I wrote a little while back about Jesus being "the way" and not "a way". I want to revisit that, because I love the way it was put by a man interviewed in the "Case for Faith" video by Lee Strobel: "Jesus is the only way because he's the only one who solved the problem."
Absolutely. Wait, what problem?
The problem of sin. In other words, not doing what God wants us to do -- not living up to his standards. Heck, we don't even live up to our own standards of how we want to be, let alone God's much higher ones. That's not just something we pull out of the Bible, its obvious in our daily lives. We have innate feelings about what is right and what is wrong in many situations. Often we want to do what we know is the right thing, yet we choose to do the wrong thing anyway and then we feel bad about it. Sometimes we purposefully choose the wrong thing and think we are happy about that choice, but we still know we chose the wrong thing.

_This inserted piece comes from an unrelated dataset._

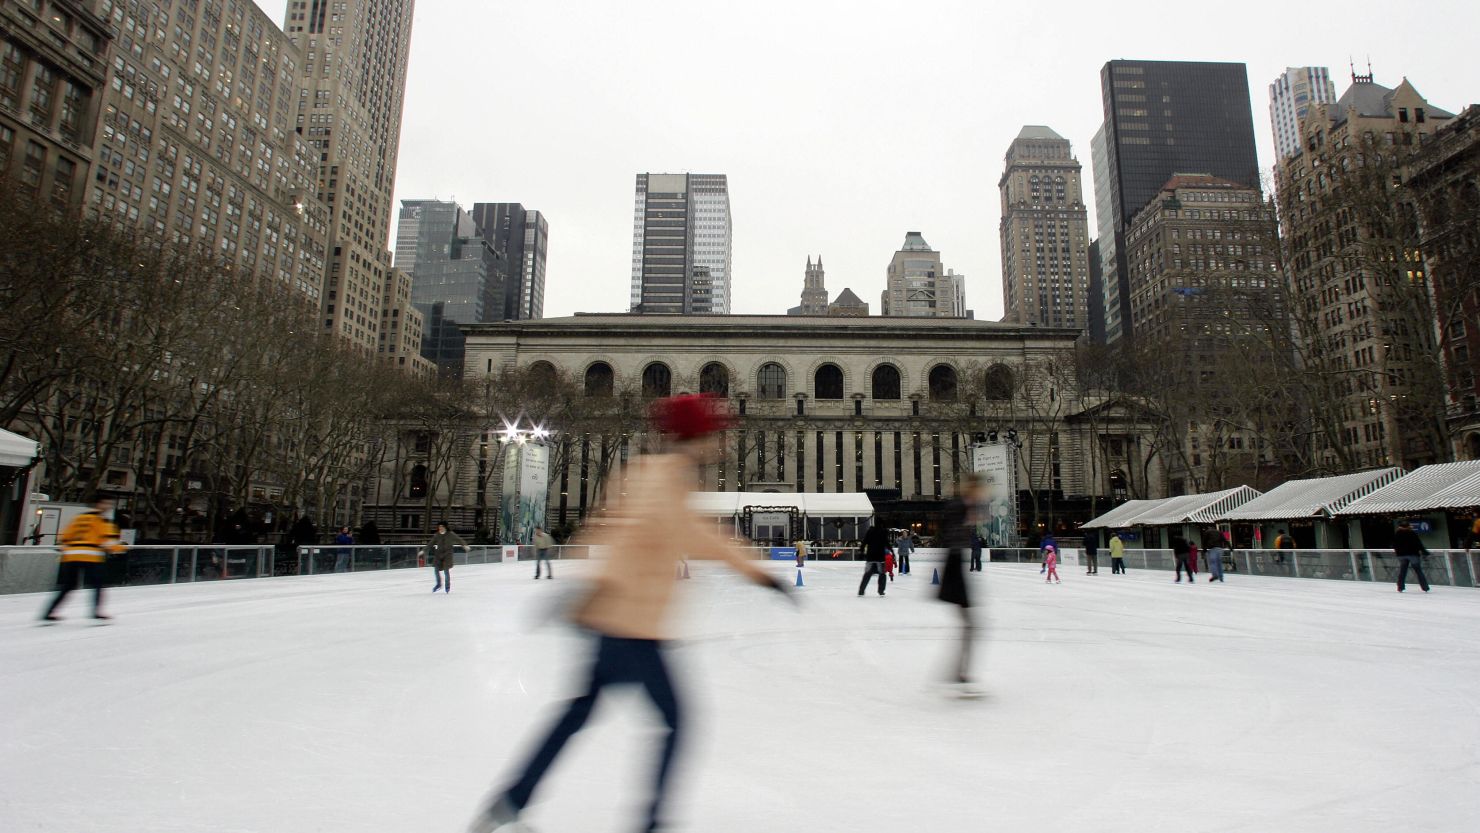  In this file image, a skater takes to the ice on the rink at Bryant Park. A shooting at the rink on Saturday left two people injured.

That's one aspect of sin, and its our biggest problem.
Why? Well, look what it does. It wrecks relationships. When we choose to do the wrong thing, we hurt people directly or indirectly, and the relationships with the people we've hurt are weakened or destroyed completely. Maybe we think we don't care about those relationships. That's an excuse, because if we look deep down, we all know that we should care about other people because it is right to do so.
Not only does sin wreck our relationship with each other, it wrecks our relationship with God.

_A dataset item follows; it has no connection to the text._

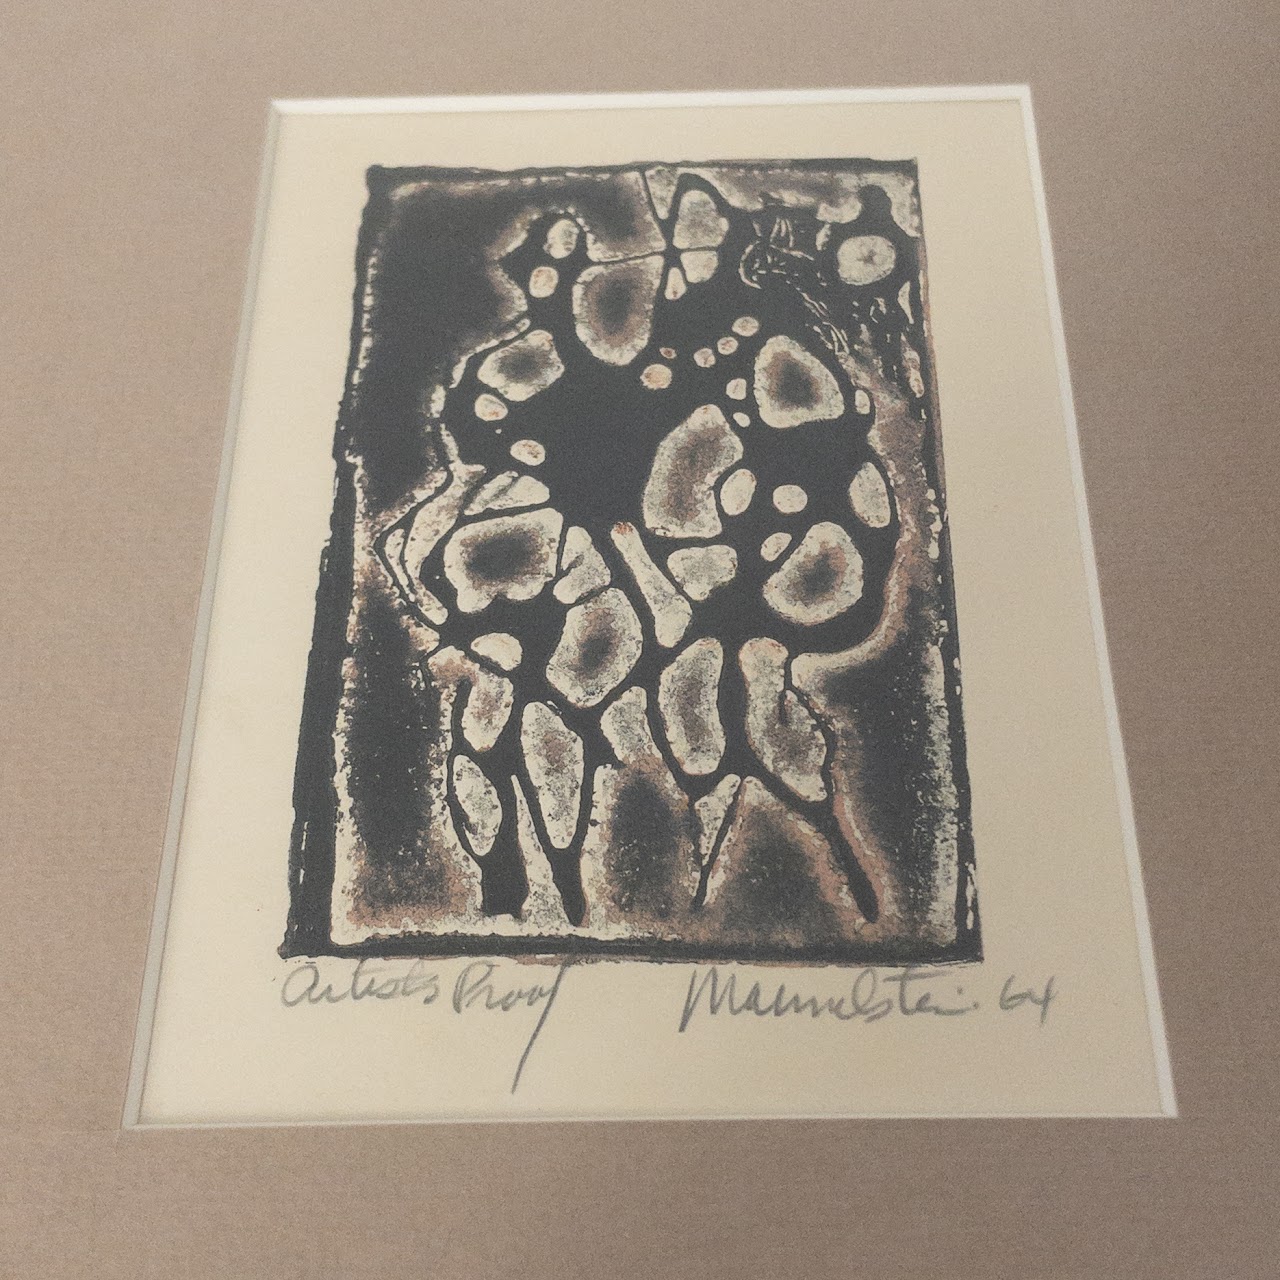 Geometric Natural Form Lithograph

To see this pretty easily whether you believe the Bible or not, just think of it from a parent/child point of view. Jamie and I are parents. We're bigger and stronger and wiser than our kids. We're in charge of the home, not the kids. So say one girls starts doing something they know inside is wrong and ends up hurting the other. Do you think we're going to let that slide? Heck no. Is everything just peachy keen between my girls and I at home at that time? Heck no. She's busted and goes to timeout at a minimum. There has to be justice.

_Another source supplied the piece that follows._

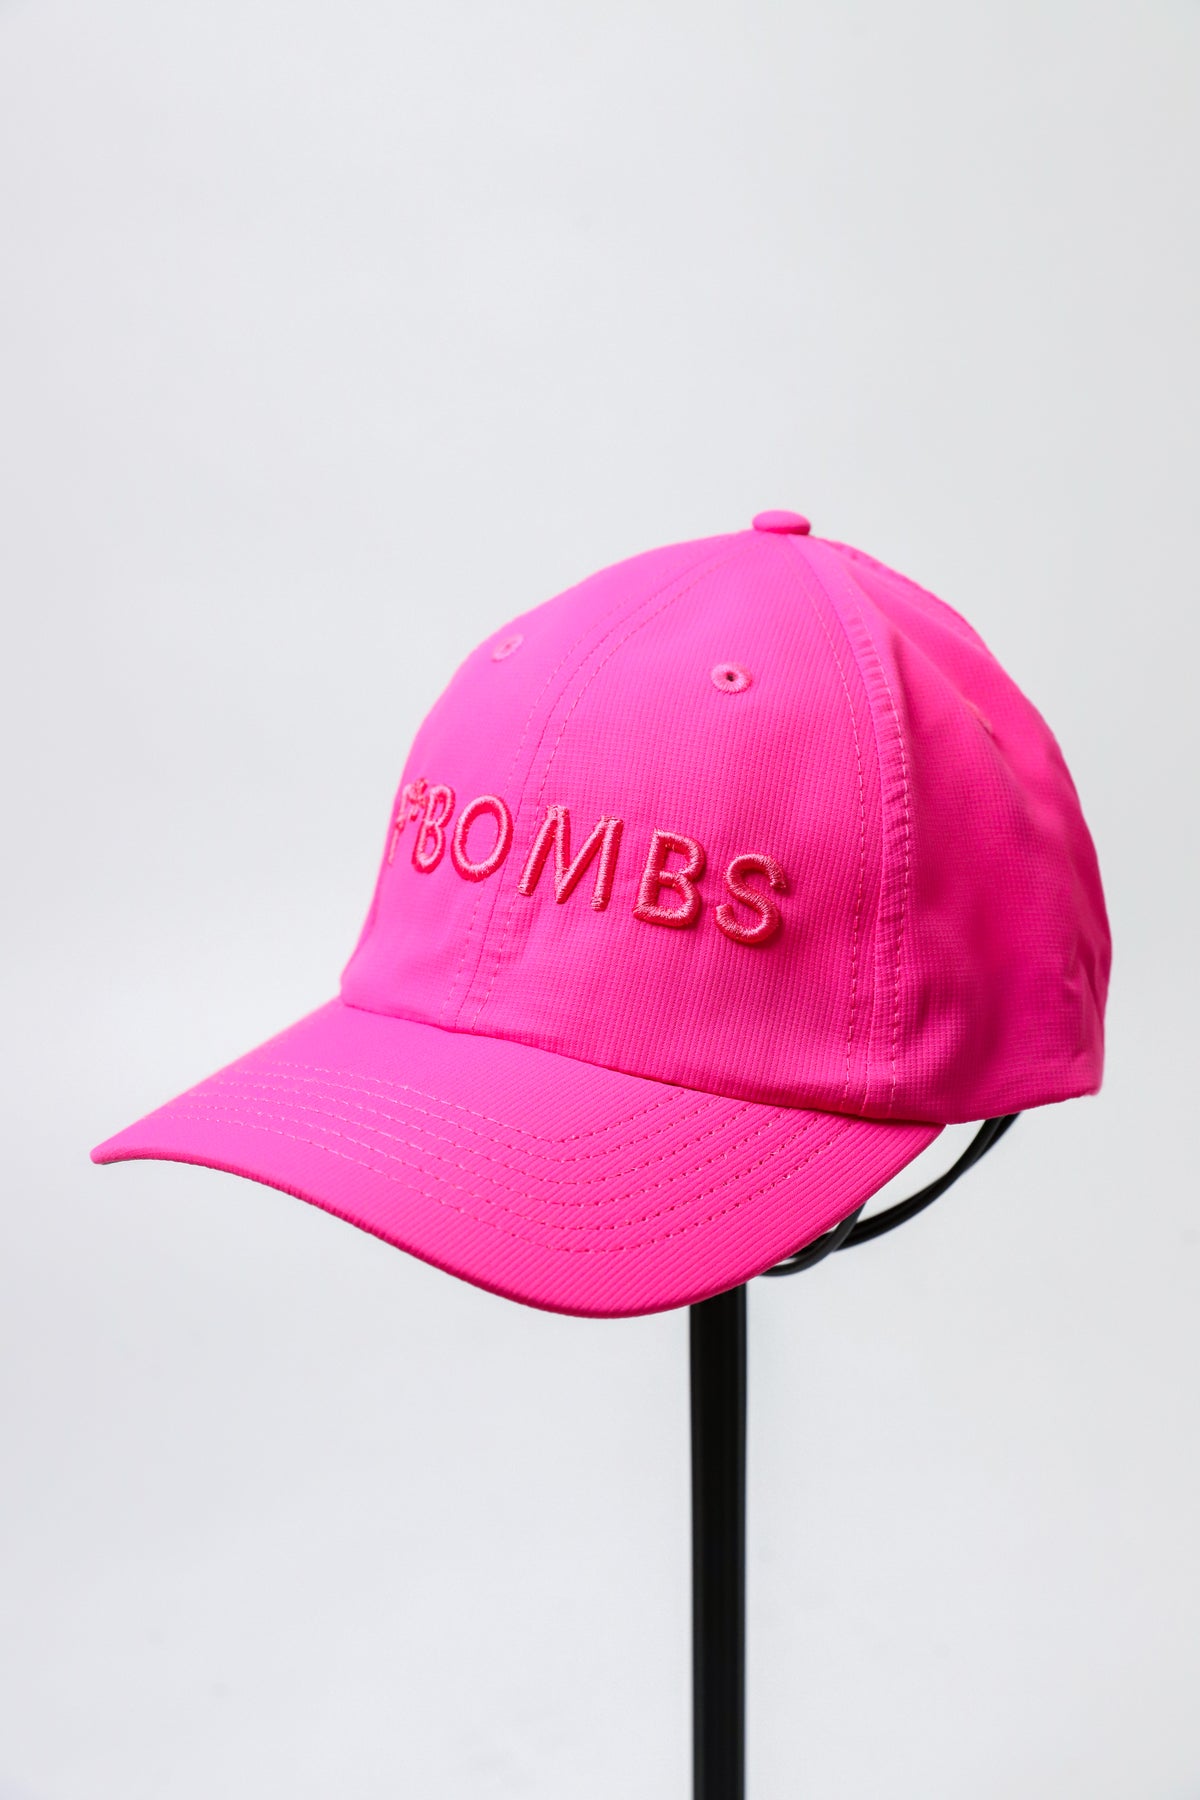 F*BOMBS Small Fit Hat  *Restock May 1st*

Now, here's the kicker. There's no external action she can take to fix it. Being nice for the rest of the day won't do it. Making me cookies won't do it, despite how much I like cookies. Excusing her actions and arguing about it certainly won't do it. No, the relationship is only good to go again when she realizes she's done wrong and fesses up to it -- and then I as a parent, out of love, extend forgiveness to her. Justice gives way to mercy.
And so it is with us and God. But that's where the analogy ends. Take what we have as parents -- standards, just consequences for violating them, love, mercy, forgiveness, and so on -- and extend them out to infinity. Now what do you have? You have a perfect God with perfect standards who is perfectly just and perfectly merciful. That's another problem from one point of view. You've got the perfect justice of God who will in the end punish all wrongdoers -- and we are all wrongdoers. And you've got the perfect mercy of God who will forgive all wrongdoers who come to him in repentance -- humbly recognizing their state as sinners who cannot be right with him on their own terms, desiring to turning away from their sins to him and receive forgiveness.
How do you resolve these two opposing traits of perfect justice and perfect mercy? We can't, but God can. That's where Jesus comes in. He is God become a man, the God-man if you will -- come to earth to die on a cross as a payment for our sins. In other words, he didn't just experience the physical pain of crucifixion itself -- he bore the full weight of the punishment for all our sins himself. In one act he satisfied the perfect justice of God and showed us the perfect mercy of God. No man could ever do anything that, so God took care of it himself.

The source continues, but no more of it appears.